Append instead of replace
The default behaviour is to wipe the database with each scan. The "-a" (append) option prevents deleting the database. This allows multiple qdda runs where the results are added to the existing database.
Quiet
Use "-q" (Quiet) to avoid showing the progress indicator or intermediate results.
No-report
Use "-r" (no-Report) to avoid showing the results when finished. This keeps the database smaller and allows it to copy to another host before running the report.
Performance test
Use "-p" to run a performance test. Qdda will show individual speeds for hashing, compression, db operations and reading from a stream and an estimate for the max performance on your system.
Debug
use "-D" (Debug) to show lots of annoying debug info.
Advanced
Run your own queries against the data
sqlite3 /var/tmp/qdda.db
and run your own queries. Example:
# count blocks that have exactly 3 duplicates
select count(k) from kv where v=3;
# Get list of blocks that appear more than twice and sort them by amount
select v,count(k) from kv where k!=0 and v>2 group by v order by v;

Notes

  • You can test other than 16K blocksizes with the -B option. The max (currently) is 128K and must be specified in kibibytes (1024 bytes)
  • Not tested (yet) with very large data sets - I've tested up to 4TB datasets which took a few hours to process. SQLite3 can handle very large amounts of values but I have not tuned SQLite much for performance. I expect it to run fine however up to at least 10TB with default blocksize.
  • The compression ratio can differ from what the storage system uses.
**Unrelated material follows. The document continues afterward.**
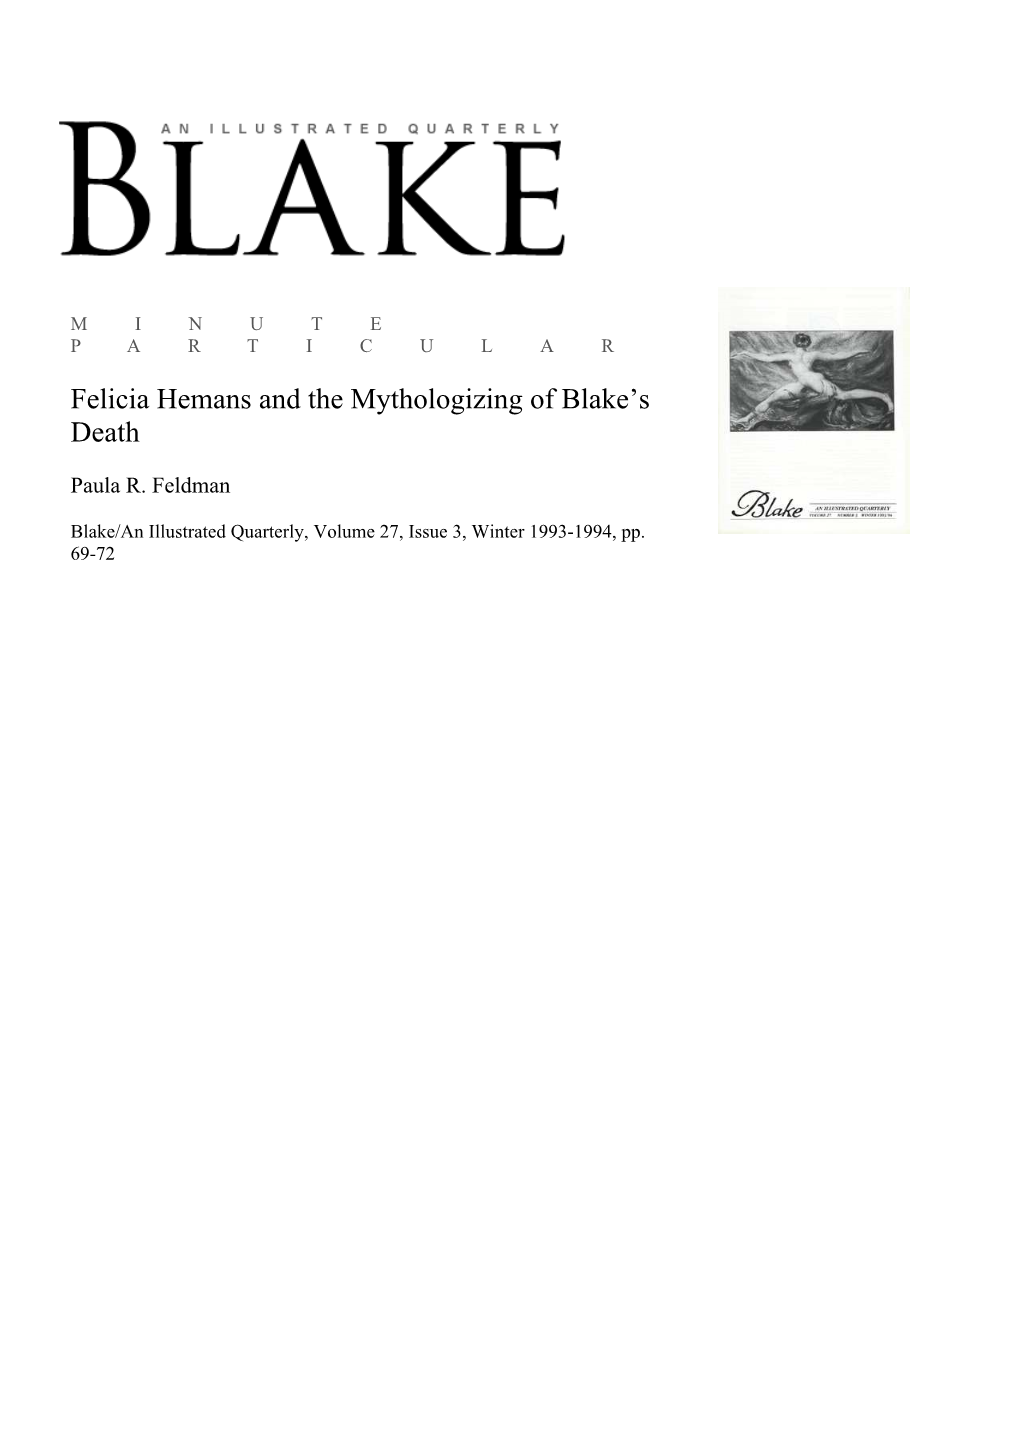 Felicia Hemans and the Mythologizing of Blake's Death

It's just a rough estimate. Mileage may vary. The algorithm is based on LZ4 and compress buckets and may work very different for various platforms.
  • SQLite is used because it is available on all EL6 systems (and probably most other Linux distro's) and because it's simple and fast. Other (real) key-value stores might be better but this does the job. We can also store other info than key-value data in the database which makes it a good choice.
  • The database roughly needs 20 bytes per block for scanning and about 3X that size for processing (non-dedupable) data (I found 16MiB DB size for scanning 8GB non-dedupable data). It may require more when processing huge datasets (due to require deeper indices).
  • You can set the database filename to "/bigfilesystem/bla.db" if you run out of space on /var/tmp. Also note that many systems clean up /var/tmp after a day or so, place your database elsewhere if you want to keep results.

Sizing

The scanning phase roughly requires 20 bytes per scanned block. So with a blocksize of 16K and 1TiB scanned data, the staging table requires:

1099511627776 bytes / 16384 = 67108864 blocks, 20 bytes/block means 1280MiB disk space. This is linear so 10TiB requires 12GB staging space.
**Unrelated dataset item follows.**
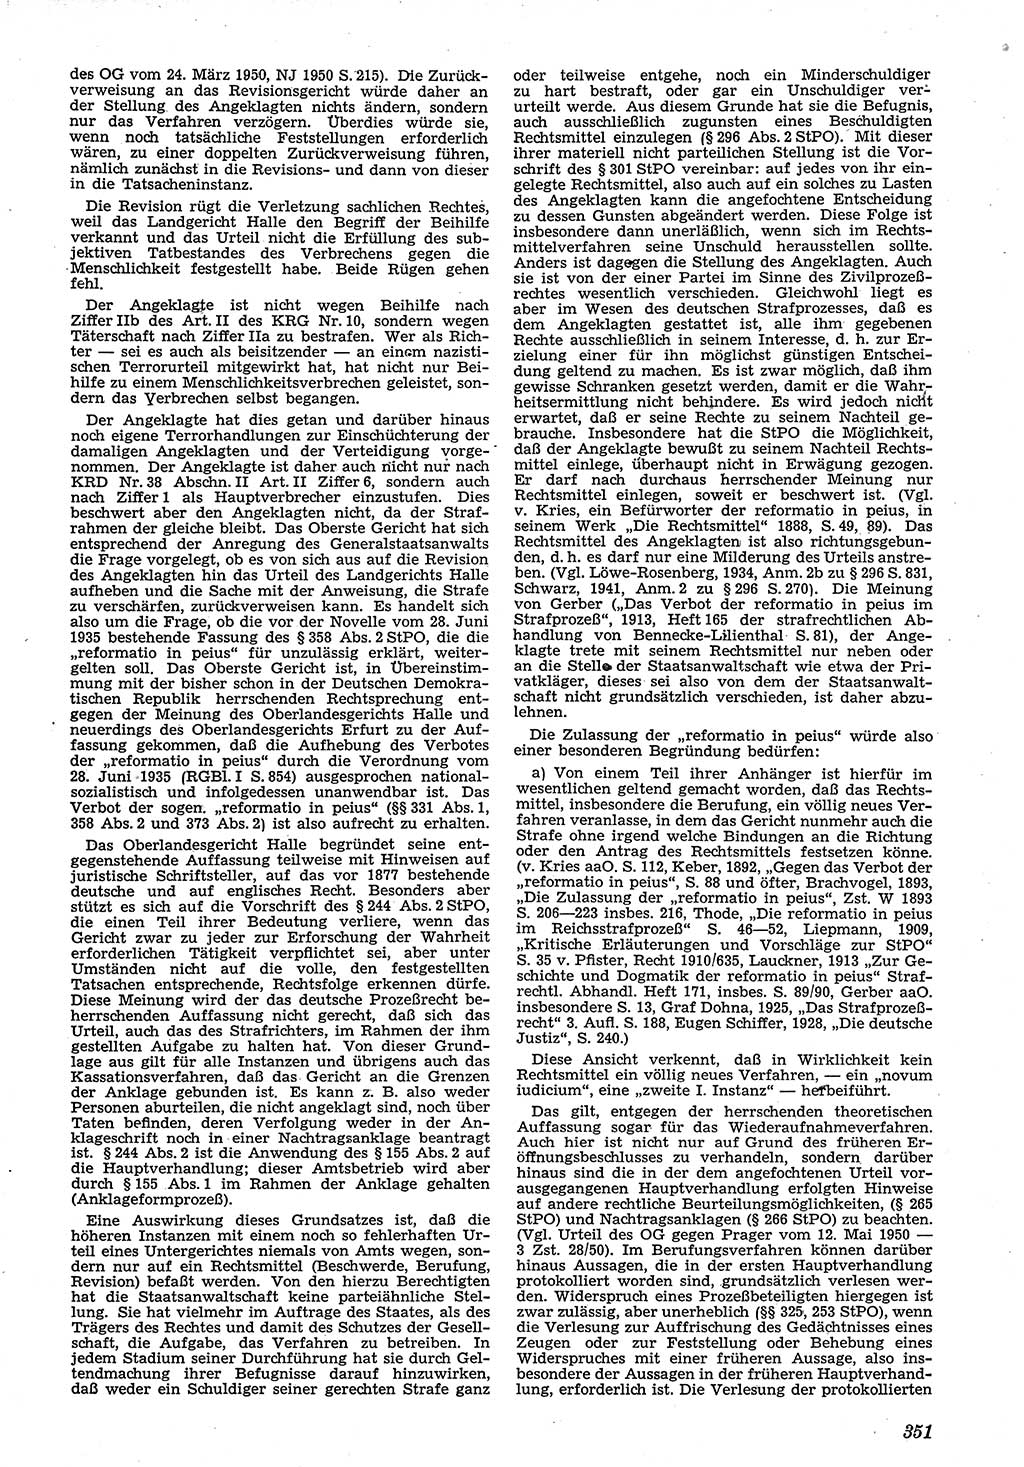 Neue Justiz (NJ), Zeitschrift für Recht und Rechtswissenschaft [Deutsche Demokratische Republik (DDR)], 4. Jahrgang 1950, Seite 351 (NJ DDR 1950, S. 351)

The merge phase creates temporary tables as well as the final kv table and then truncates the staging space. Scanning 1TiB random data resulted in a database size of about 5GB. After purging it was reduced to 2.5 GB.

Performance

qdda is single-threaded (for now). On my Intel i5 @ 3.10GHz I get the following profile test results:

$ qdda -p
Deleting /var/tmp/qdda.db
Test set:             131072 random 8k blocks (1024 MiB)
Hashing:              926446 microseconds,    1158.99 MB/s
Compressing:          328950 microseconds,    3264.15 MB/s
DB insert:            269533 microseconds,    3983.71 MB/s
Reading:              114576 microseconds,    9371.44 MB/s
Total:               1639506 microseconds,     654.92 MB/s


So expect roughly 600MB/s on typical systems. I expect high-end server type CPUs to be even faster. Note that to get more than about 200MB/s you need to disable throttling (-b 0) which was built in as a safeguard against I/O starvation on production systems.